Figure 4. SCI enhances the amplitudes and frequencies of DSFs in NA neurons. DSFs were quantified with an automated algorithm that estimates RMP via a sliding median function, and then identified SFs exceeding 1.5 mV above and below this continuously changing reference line (see Methods). (A) Sample recording of SA following SCI. Color labels: purple undulating line - sliding median, red arrowheads and red trace segments - subthreshold and suprathreshold DSFs ≥3 mV, blue arrowheads and blue trace segments – all HSFs ≥1.5 mV, green dashed line - AP threshold. (B) Neurons with SA (n = 27) showed enhanced DSF amplitudes compared to silent neurons at RMPs between −60 and −40 mV. DSFs were binned according to the RMP at DSF onset. DSF sample sizes left to right: 286, 68, 186, 386, 49, 568, 91, and 425. Data shown as mean ± SEM. Comparisons between silent and SA groups at each bin made using Mann-Whitney U tests. (C) The frequency of medium-amplitude DSFs (3–5 mV, squares) and large DSFs (>5 mV, circles) increased at more depolarized RMPs in neurons with SA (solid symbols) but not in silent neurons (open symbols), paralleling the increase in AP frequency (blue circles). Almost no APs were triggered by medium-sized DSFs (blue squares) in neurons with or without SA. DSFs and APs from neurons in naïve, sham, and SCI conditions were pooled together into silent and SA groups for analysis. Each point represents frequency (Hz) calculated by dividing the total number of DSFs or APs by the number of neurons per group (silent n = 21, SA n = 27) and the recording duration (50 s for each neuron). (D) Large DSF incidence was significantly greater following SCI. Fractions represent number of neurons exhibiting large DSFs/total sample. Comparisons made using Bonferroni-corrrected Fisher’s exact tests. (E) SCI increased the frequency of large DSFs and APs in each neuron. Green lines - medians. Overall significance assessed with Kruskal-Wallis test, multiple comparisons with Dunn’s tests. *P < 0.05, **P < 0.01, ***P < 0.001, ****P < 0.0001. Neurons are a randomly selected subset taken from the naïve (n = 2), sham (n = 3), and SCI rats (n = 8) used in Figure 3.

Figure 4.

The effects of SCI on SFs are shown in greater detail in Figure 5. A frequency distribution for DSFs and for HSFs was obtained for each trace and averaged across all traces in each group. No apparent differences were found in the incidence or amplitude of either DSFs or HSFs in naïve compared to sham groups, so we pooled these two groups into a single control group for further analysis. Compared to the combined control group, SCI increased the frequency of occurrence of larger DSFs and HSFs, but most of the SCI effect on DSFs was on amplitudes from 3 to >10 mV (Fig. 5A1), whereas most of the effect on HSFs was on amplitudes between 2 and 4 mV (Fig. 5A2). Raster plots showed higher frequencies of medium-amplitude (3–5 mV) (Fig. 5B1, B2) and large (>5 mV) (Fig. 5C1, C2) DSFs in neurons from the SCI group compared to the control group. Almost none of the 3–5 mV DSFs triggered APs in neurons from the SCI or control groups (Fig. 5B2), whereas more than 50% of DSFs >5 mV triggered APs in neurons from SCI and control groups (Fig. 5C2).
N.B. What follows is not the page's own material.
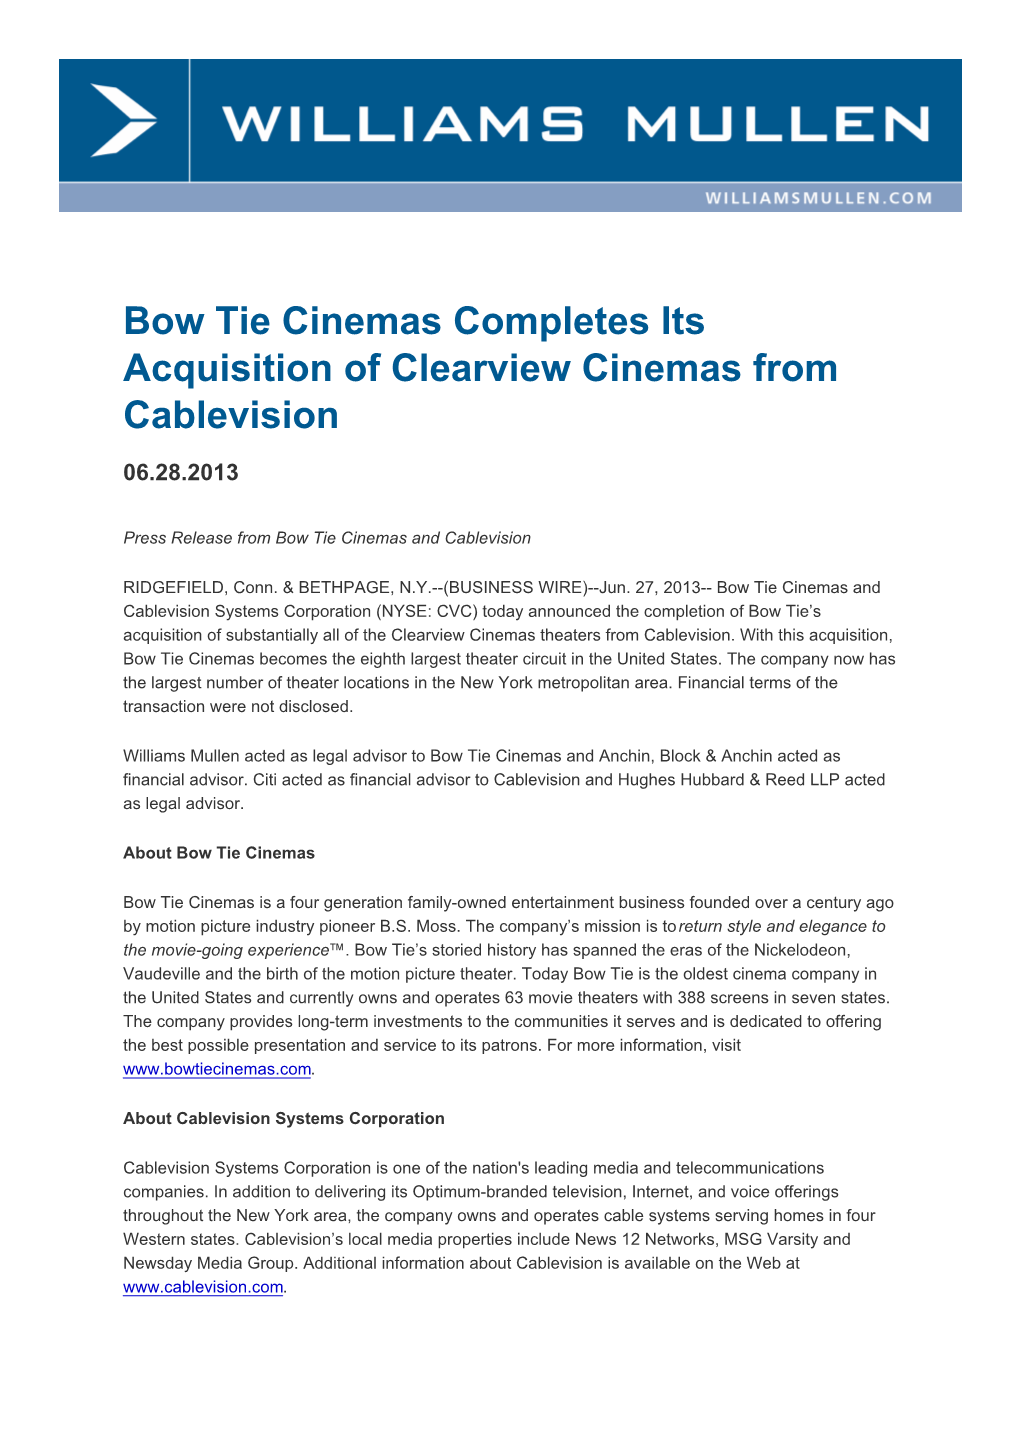 Bow Tie Cinemas Completes Its Acquisition of Clearview Cinemas from Cablevision
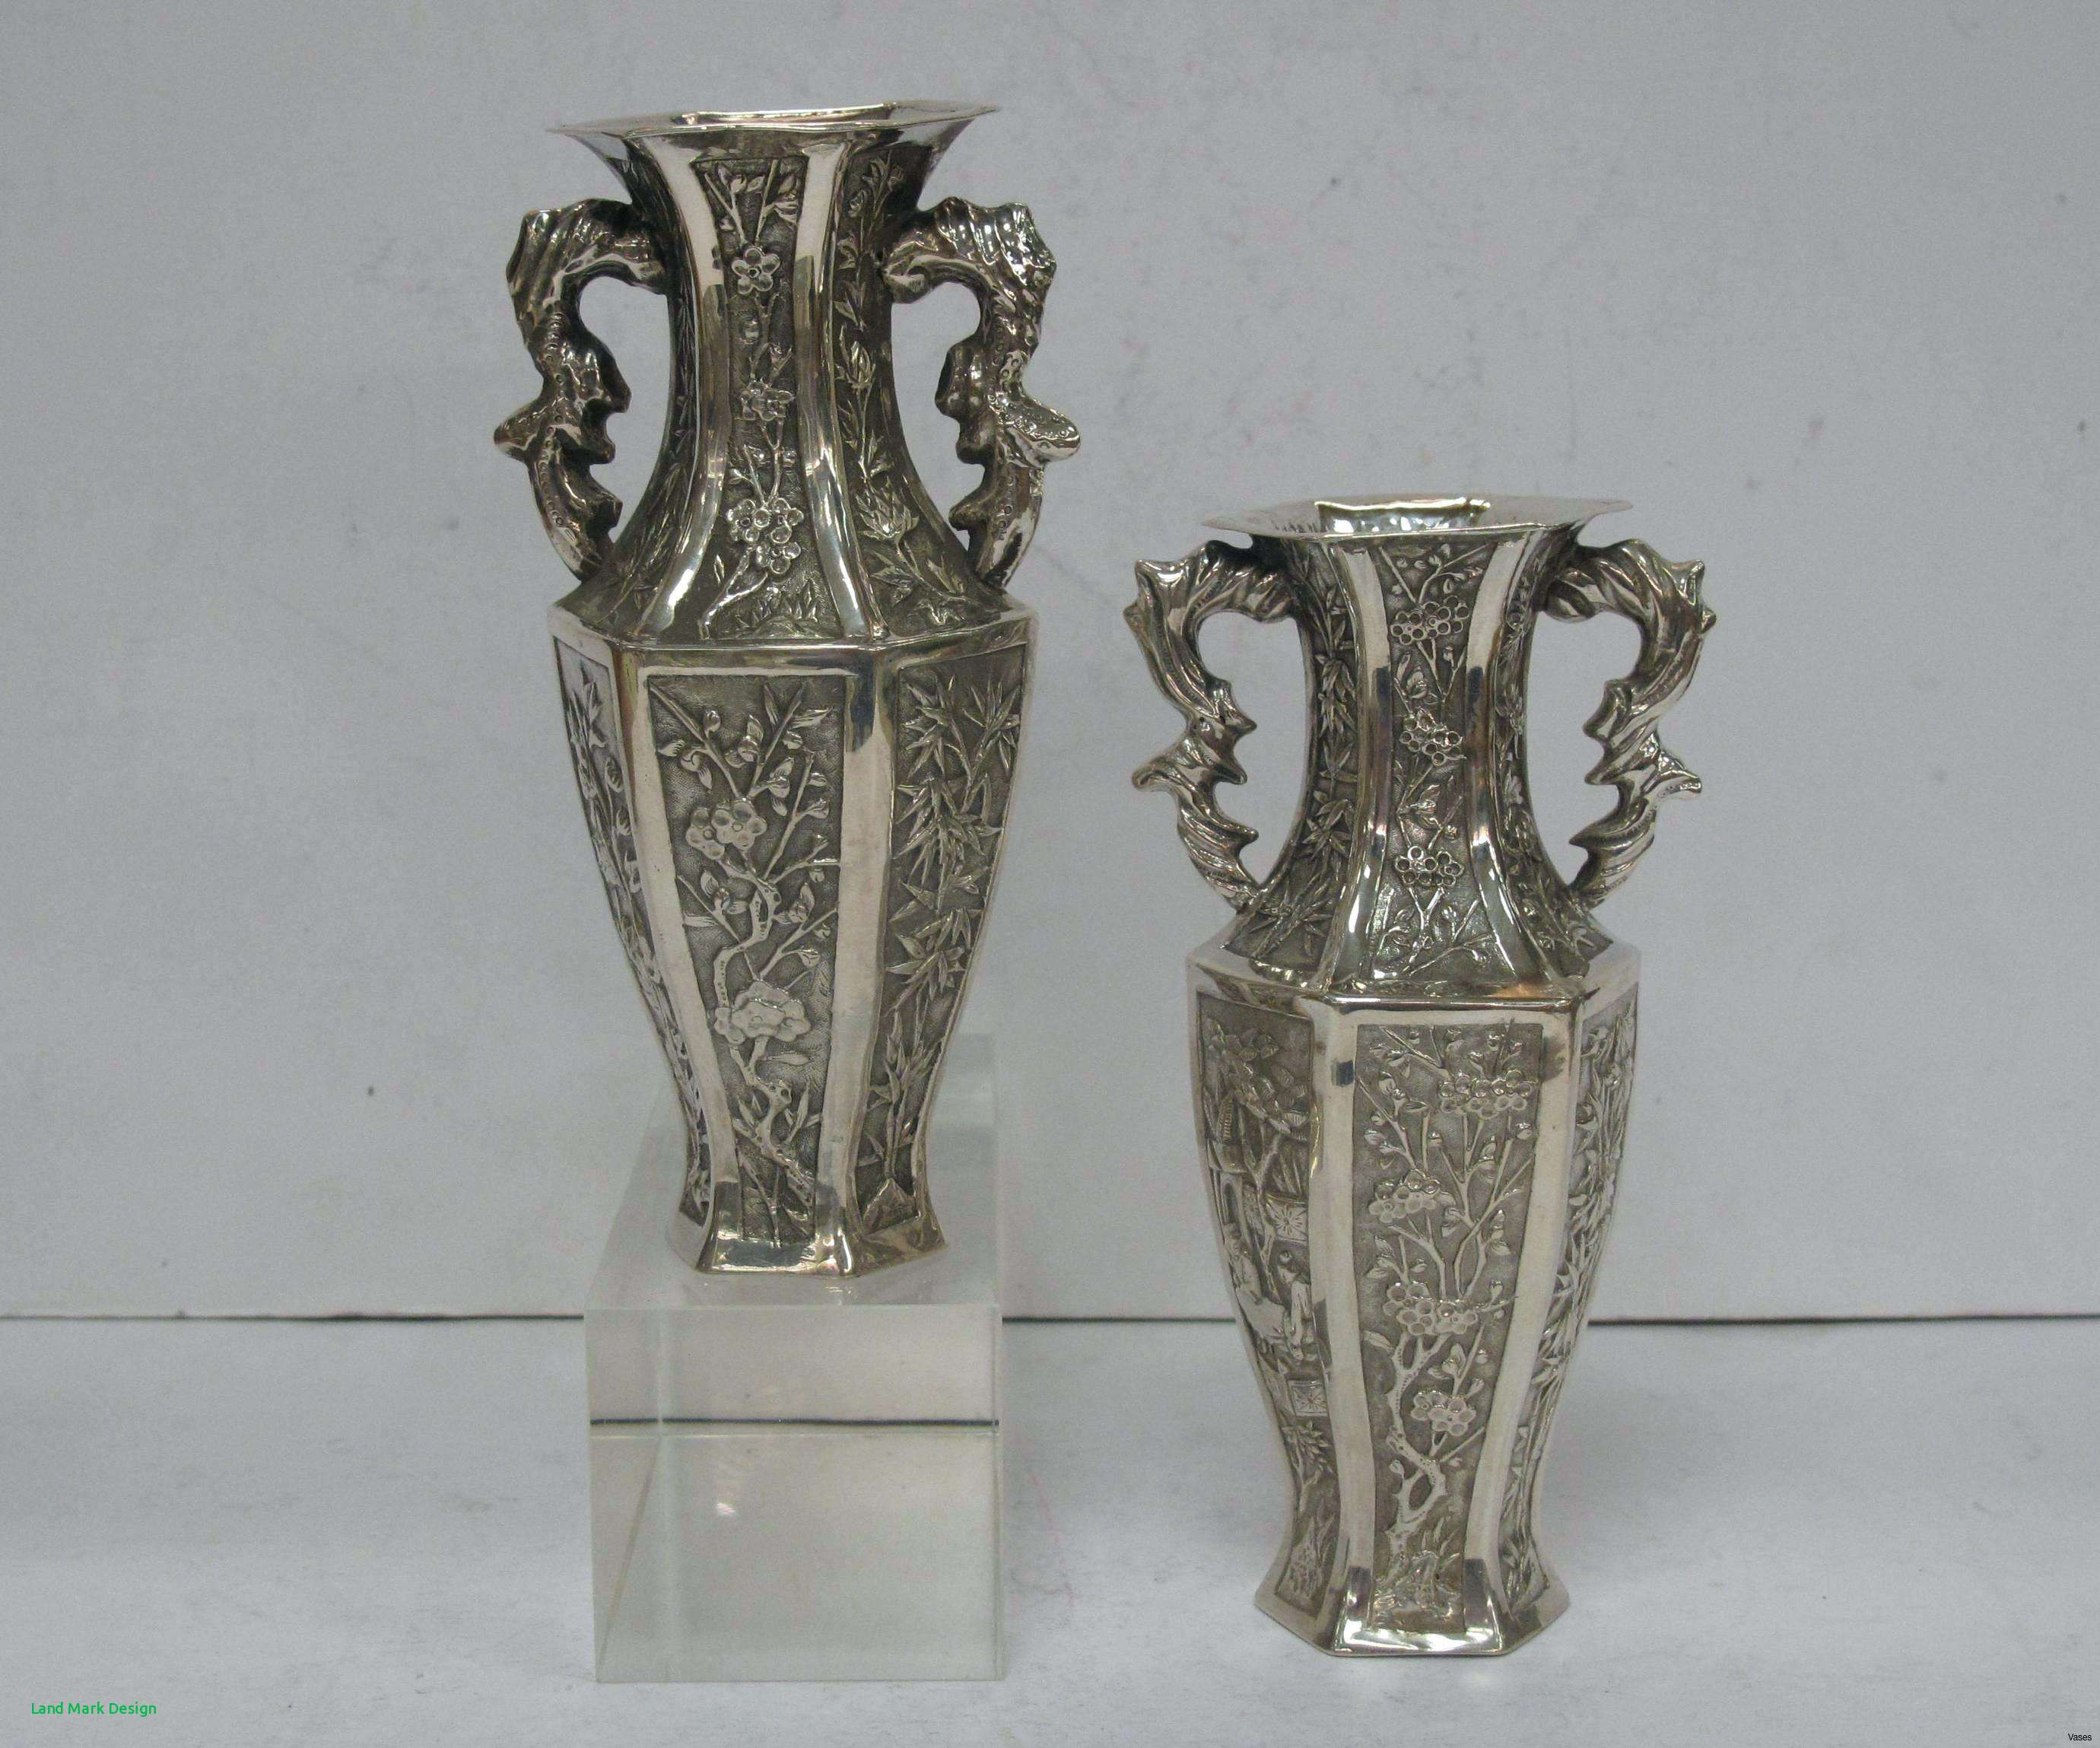 24 Nice Trumpet Vases for Sale 2024 free download trumpet vases for sale of unique crystal vase awards beginneryogaclassesnear me within 8253h vases bulk silver square glass cube vase with metallic band 6x6i 0d vases bulk silver

Figure 5. SCI enhances the incidence of large and medium-amplitude DSFs and medium-amplitude HSFs in NA neurons. (A) SCI induced a rightward shift in the frequency distribution (% of total) of DSFs (A1) and HSFs (A2) of different amplitudes. Distributions obtained from each neuron for a 50-second period were averaged across neurons; bars represent the mean ± SEM for each amplitude bin. Naïve and sham groups were pooled together into a combined control group. (B1, C1) Medium-amplitude and large DSFs showed stochastic occurrence in control and SCI neurons. Each row represents one neuron and each dot a single DSF. (B2, C2) SCI increased the mean frequency of medium-amplitude and large DSFs in the 50-second samples, but not the fraction of large DSFs that evoked APs. Bars represent the mean ± SEM or fraction of the total sample. Significance tested with Mann-Whitney U or Fisher’s exact tests. *P < 0.05, **P < 0.01, ***P < 0.001, ****P < 0.0001. Neurons are the same as in Figure 4.

Figure 5.

Large DSFs, like OA observed in vitro and in vivo in presumptive C-fiber nociceptors after SCI [11], occur randomly (Fig. 5C1) [see also 87]. Stochastic DSF occurrence was also seen during the 2-second depolarizations used to measure rheobase and repetitive firing (Fig. 1). A striking finding was the much longer latency to the first AP generated in the rheobase tests in NA compared to RA neurons (Table 1). This is consistent with the AP at rheobase in NA neurons being triggered by infrequent, randomly occurring, large DSFs. If so, the increase in frequency of large DSFs after SCI should increase the likelihood that large DSFs occur early during depolarizing test pulses, and this should decrease the latency to the first AP. Confirming this prediction, the mean latency to the first AP generated in NA neurons during rheobase measurement in the SCI group was much shorter than the latency in the naïve or sham groups (Table 2). Together, these findings show 1) that DSFs play a major role in generating the irregular SA found in NA neurons, and 2) that enhancement of DSF amplitude and large DSF frequency contributes to SCI-induced SA.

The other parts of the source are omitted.